=== Section Start ===

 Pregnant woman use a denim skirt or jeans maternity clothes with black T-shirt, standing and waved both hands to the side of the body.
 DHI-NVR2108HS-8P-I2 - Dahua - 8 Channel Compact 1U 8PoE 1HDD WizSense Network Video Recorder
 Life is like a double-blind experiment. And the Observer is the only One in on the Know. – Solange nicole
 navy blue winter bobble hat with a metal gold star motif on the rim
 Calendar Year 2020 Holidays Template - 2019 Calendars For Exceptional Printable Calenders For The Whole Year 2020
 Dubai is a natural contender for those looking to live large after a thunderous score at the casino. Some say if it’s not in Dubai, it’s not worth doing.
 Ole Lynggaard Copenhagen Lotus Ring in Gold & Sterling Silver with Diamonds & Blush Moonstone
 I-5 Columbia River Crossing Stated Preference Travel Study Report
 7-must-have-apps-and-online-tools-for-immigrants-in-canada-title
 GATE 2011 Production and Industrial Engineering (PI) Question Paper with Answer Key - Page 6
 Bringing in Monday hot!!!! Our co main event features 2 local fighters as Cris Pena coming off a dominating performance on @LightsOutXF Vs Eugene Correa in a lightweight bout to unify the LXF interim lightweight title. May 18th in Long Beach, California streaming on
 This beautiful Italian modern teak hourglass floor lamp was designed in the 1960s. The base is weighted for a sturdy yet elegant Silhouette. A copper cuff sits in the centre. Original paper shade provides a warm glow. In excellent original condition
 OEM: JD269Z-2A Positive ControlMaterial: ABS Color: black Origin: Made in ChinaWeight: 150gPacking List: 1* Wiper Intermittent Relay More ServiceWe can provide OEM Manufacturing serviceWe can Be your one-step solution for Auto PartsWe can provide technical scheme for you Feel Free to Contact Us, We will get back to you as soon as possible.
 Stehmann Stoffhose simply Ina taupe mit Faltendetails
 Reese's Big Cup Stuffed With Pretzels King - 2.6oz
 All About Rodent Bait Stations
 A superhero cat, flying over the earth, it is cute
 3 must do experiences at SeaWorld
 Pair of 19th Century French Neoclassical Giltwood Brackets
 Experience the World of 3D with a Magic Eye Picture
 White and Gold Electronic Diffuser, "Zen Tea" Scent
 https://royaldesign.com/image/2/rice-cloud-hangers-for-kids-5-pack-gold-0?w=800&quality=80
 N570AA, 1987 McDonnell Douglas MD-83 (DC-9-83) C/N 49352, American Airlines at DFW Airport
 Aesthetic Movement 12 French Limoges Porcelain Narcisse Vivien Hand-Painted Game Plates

=== Section End ===

- PROMPT -
All lines from the records above should be copied exactly.

- WRITTEN ANSWER -
 Pregnant woman use a denim skirt or jeans maternity clothes with black T-shirt, standing and waved both hands to the side of the body.
 DHI-NVR2108HS-8P-I2 - Dahua - 8 Channel Compact 1U 8PoE 1HDD WizSense Network Video Recorder
 Life is like a double-blind experiment. And the Observer is the only One in on the Know. – Solange nicole
 navy blue winter bobble hat with a metal gold star motif on the rim
 Calendar Year 2020 Holidays Template - 2019 Calendars For Exceptional Printable Calenders For The Whole Year 2020
 Dubai is a natural contender for those looking to live large after a thunderous score at the casino. Some say if it’s not in Dubai, it’s not worth doing.
 Ole Lynggaard Copenhagen Lotus Ring in Gold & Sterling Silver with Diamonds & Blush Moonstone
 I-5 Columbia River Crossing Stated Preference Travel Study Report
 7-must-have-apps-and-online-tools-for-immigrants-in-canada-title
 GATE 2011 Production and Industrial Engineering (PI) Question Paper with Answer Key - Page 6
 Bringing in Monday hot!!!! Our co main event features 2 local fighters as Cris Pena coming off a dominating performance on @LightsOutXF Vs Eugene Correa in a lightweight bout to unify the LXF interim lightweight title. May 18th in Long Beach, California streaming on
 This beautiful Italian modern teak hourglass floor lamp was designed in the 1960s. The base is weighted for a sturdy yet elegant Silhouette. A copper cuff sits in the centre. Original paper shade provides a warm glow. In excellent original condition
 OEM: JD269Z-2A Positive ControlMaterial: ABS Color: black Origin: Made in ChinaWeight: 150gPacking List: 1* Wiper Intermittent Relay More ServiceWe can provide OEM Manufacturing serviceWe can Be your one-step solution for Auto PartsWe can provide technical scheme for you Feel Free to Contact Us, We will get back to you as soon as possible.
 Stehmann Stoffhose simply Ina taupe mit Faltendetails
 Reese's Big Cup Stuffed With Pretzels King - 2.6oz
 All About Rodent Bait Stations
 A superhero cat, flying over the earth, it is cute
 3 must do experiences at SeaWorld
 Pair of 19th Century French Neoclassical Giltwood Brackets
 Experience the World of 3D with a Magic Eye Picture
 White and Gold Electronic Diffuser, "Zen Tea" Scent
 https://royaldesign.com/image/2/rice-cloud-hangers-for-kids-5-pack-gold-0?w=800&quality=80
 N570AA, 1987 McDonnell Douglas MD-83 (DC-9-83) C/N 49352, American Airlines at DFW Airport
 Aesthetic Movement 12 French Limoges Porcelain Narcisse Vivien Hand-Painted Game Plates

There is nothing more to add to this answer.